WOW! FAR OUT! LOVE IT,SEEMS YOU GOT A GREAT DEAL ON IT!! JAMIE


----------



## CALDIGR2 (Mar 23, 2010)

Yours is a lovely plate and a bargain at that. Favilla & Bricca were prolific advertisers, with a plate for every year from 1909 to 1930, or thereabouts. I have been accumulating calendar plates from towns north of Stockton  to Shasta County, excluding the Bay Area, for more than 30 yrs. Our current total is 133; most are from the Central Valley and Mother Lode, with a scattering from the North Coast. There are subjects of all descriptions, planes, trains and automobiles, Indians to women. Too many to mention. I usually hang 50-60 at a time around the kitchen walls, but they are all down for painting and crown molding. After all the work is done they will be put back up.
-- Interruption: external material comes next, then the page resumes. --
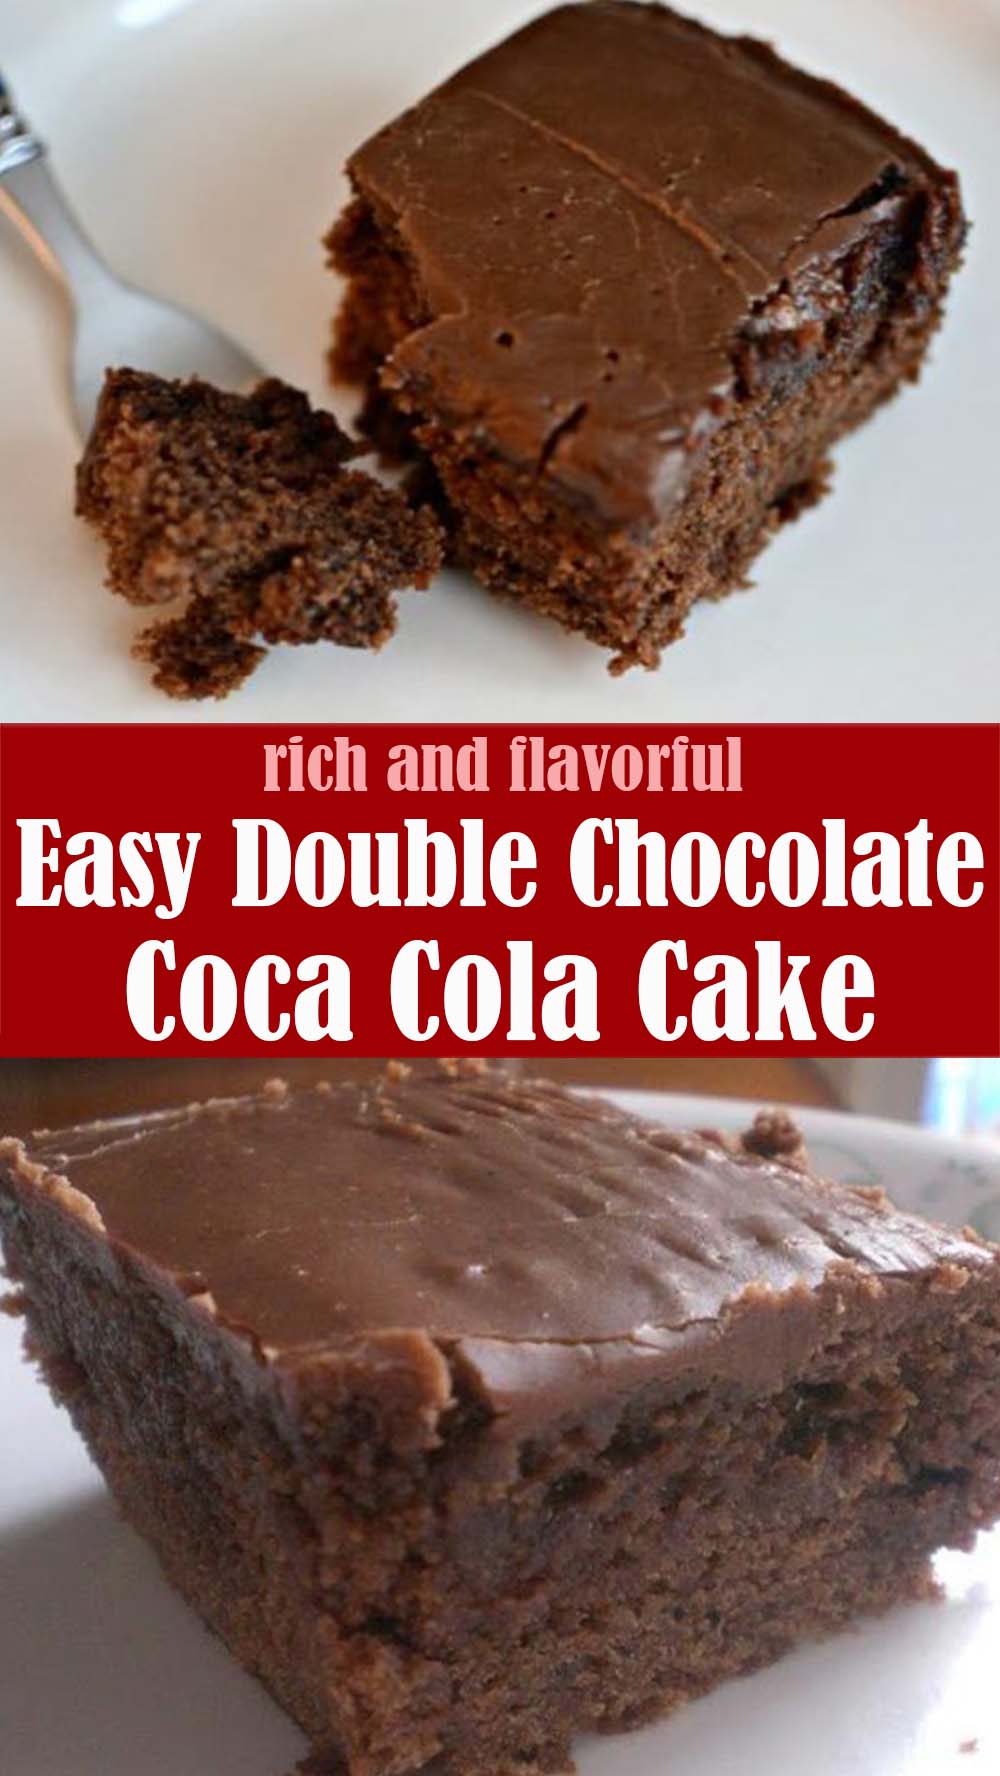 Easy Double Chocolate Coca Cola Cake

 At one time, I did have an extensive Bay Area collection, but sold them all to a Peninsula collector. Besides the obvious SF, we had San Bruno, Burlingame, Ocean View, Vista Grande(Colma), Redwood, San Carlos, Palo Alto, Mayfield, Mountain View, Santa Clara, Los Gatos Ben Lomond, Soquel, Santa Cruz, Davenport, Pescadero, Half Moon Bay, and others I can't recall. I drew the line at San Jose, though, and did not pick up any of those.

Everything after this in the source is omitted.